- Education: University of Oklahoma
- Occupation: Aerospace engineer

= Jamey Jacob =

American engineering professor and innovator

Jamey D. Jacob is an American scientist and engineer who holds the Williams Chair and is a Regents Professor in Mechanical and Aerospace Engineering at Oklahoma State University (OSU) and serves as executive director of the Oklahoma Aerospace Institute for Research and Education and various other rulemaking and advisory committees. As of 2023, he is a member of the Federal Aviation Administration's Human Space Flight Occupant Safety Aerospace Rulemaking Committee. Jacob researches advanced air mobility and unmanned aerial vehicles.

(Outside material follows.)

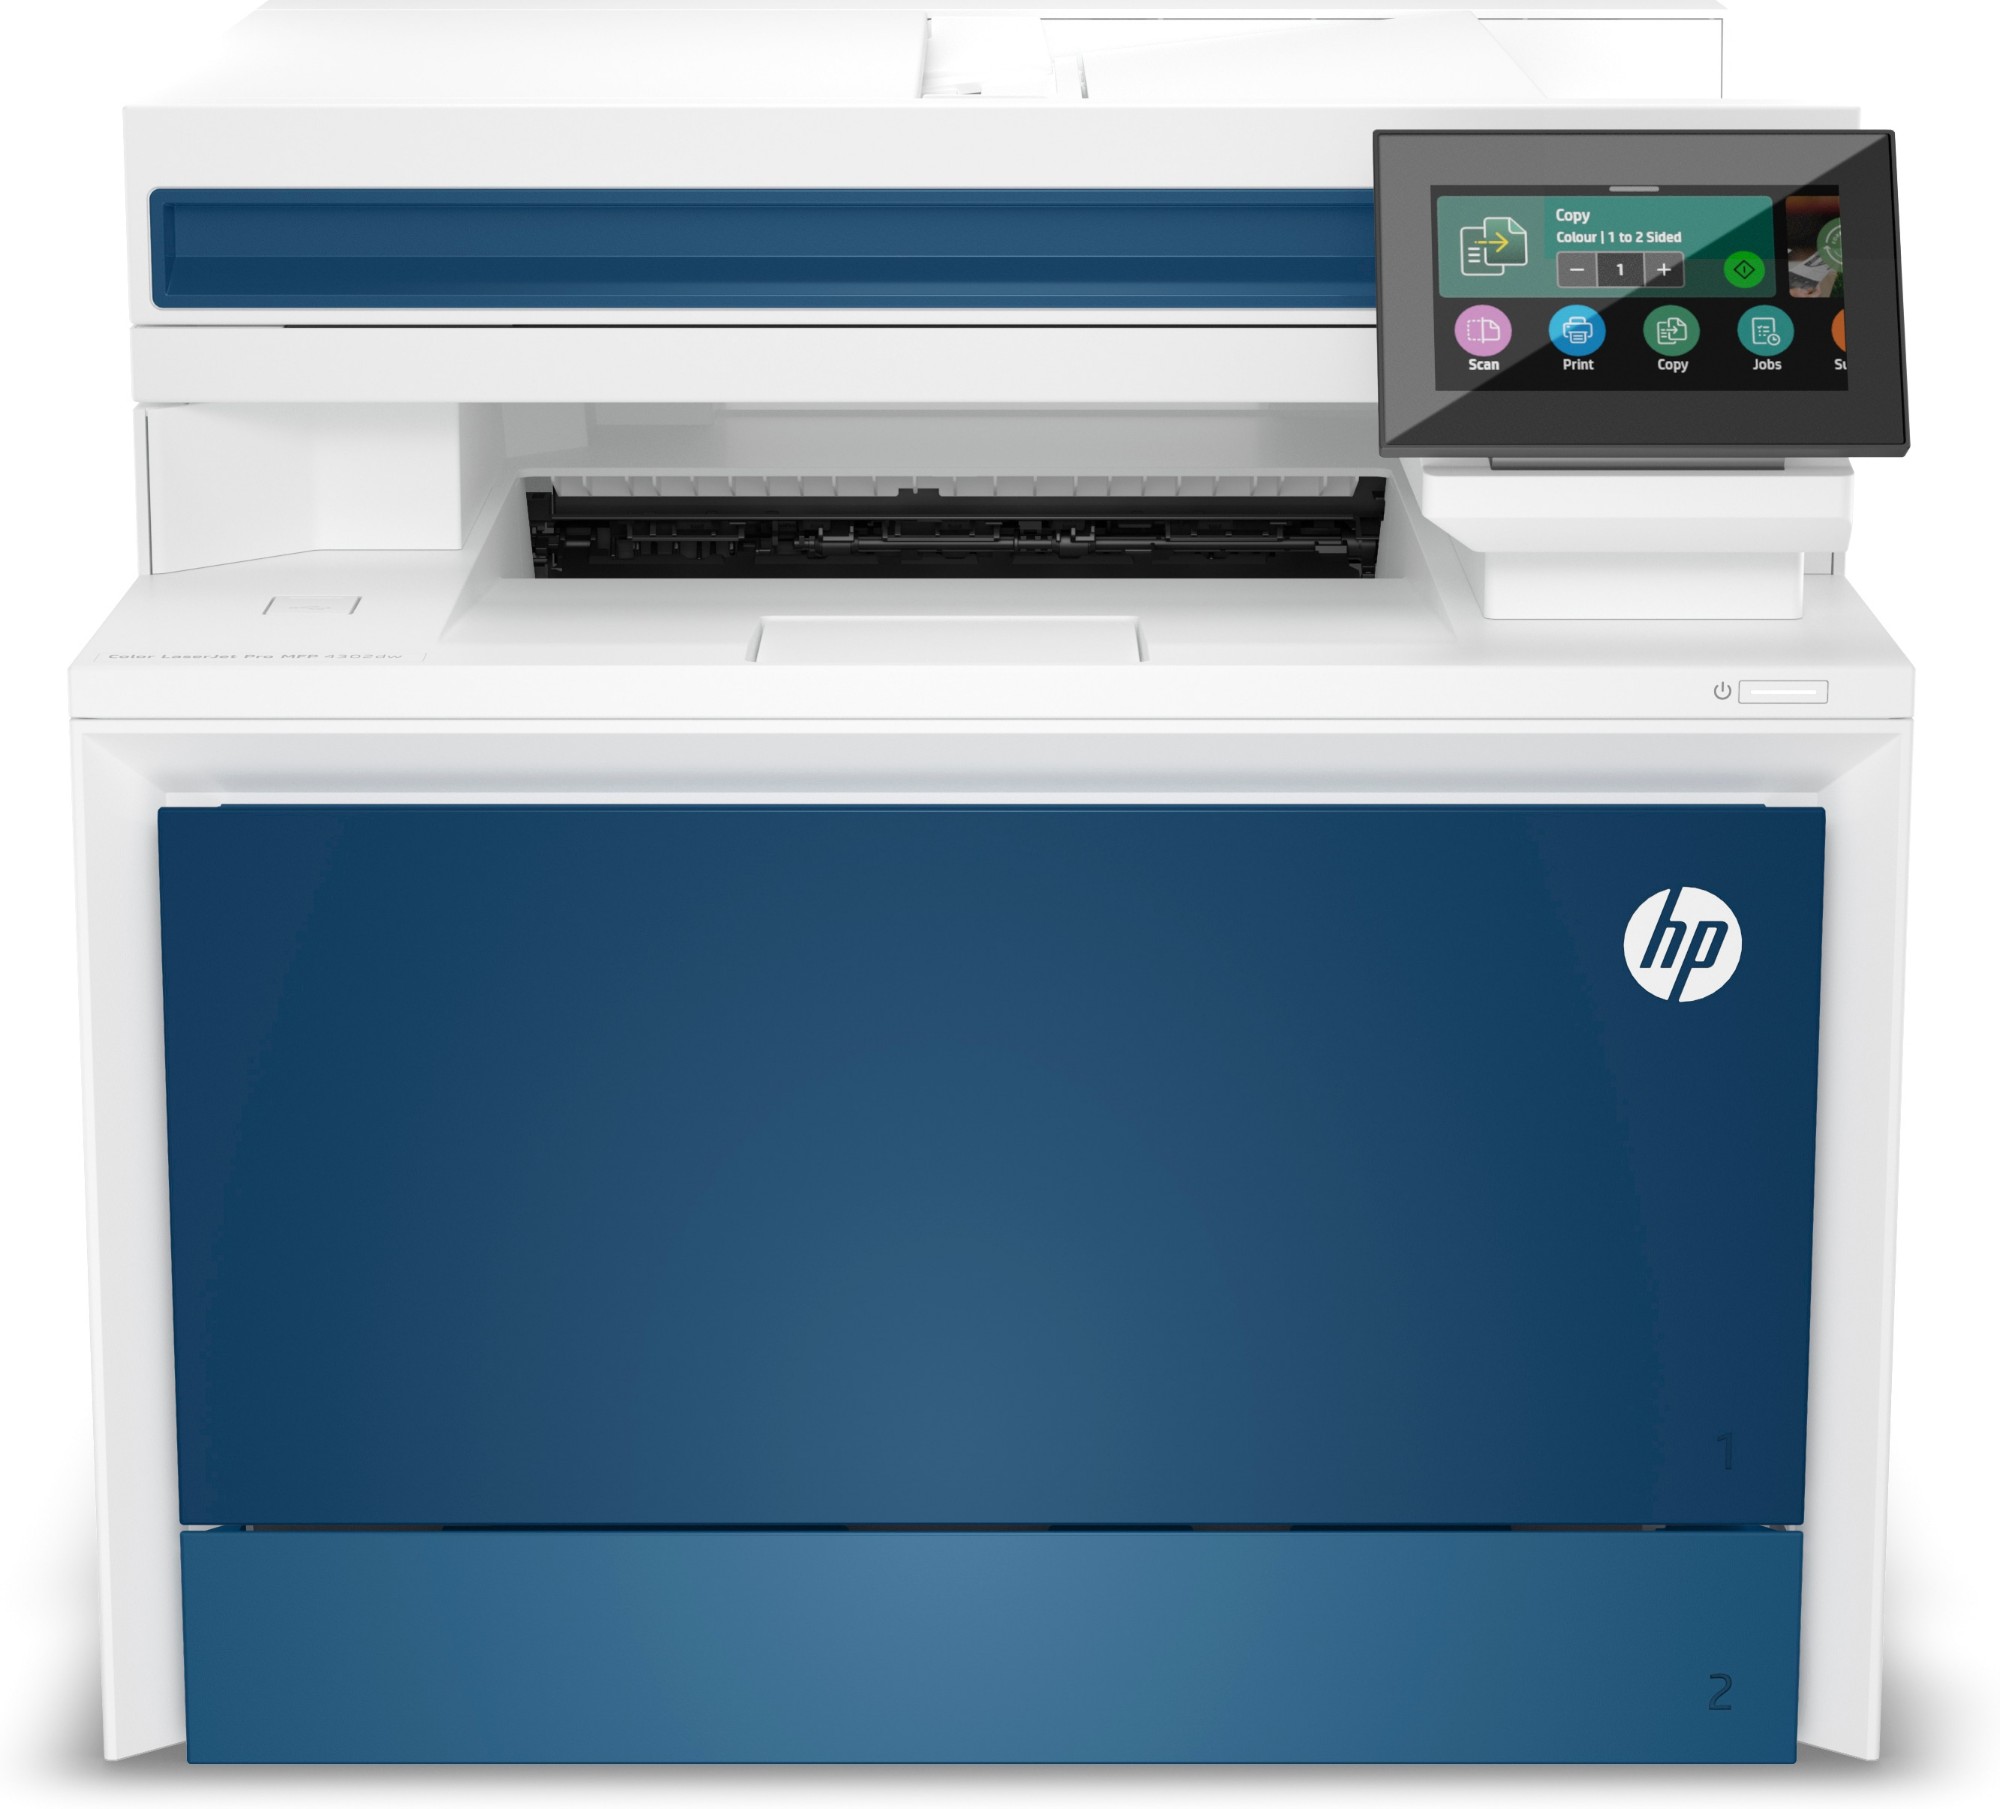 HP Color LaserJet Pro MFP 4302dw Printer, Color, Printer for Small medium business, Print, copy, scan, Wireless; Print from phone or tablet; Automatic document feeder

Jacob graduated from the University of Oklahoma where he studied aerospace engineering and received a Ph.D. in mechanical engineering from the University of California, Berkeley. He is a past recipient of the Governor of Kentucky's Award for Research Excellence. In 2010, Jacob was named Oklahoma Innovator of the Year by The Journal Record — along with the Oklahoma City architectural firm of Elliott + Associates — for supporting the design of vertical axis wind turbines to increase the energy efficiency of skyscrapers. In 2022 he was named Executive Director of the Oklahoma Aerospace Institute for Research and Education as well as director for the Counter-UAS Center of Excellence.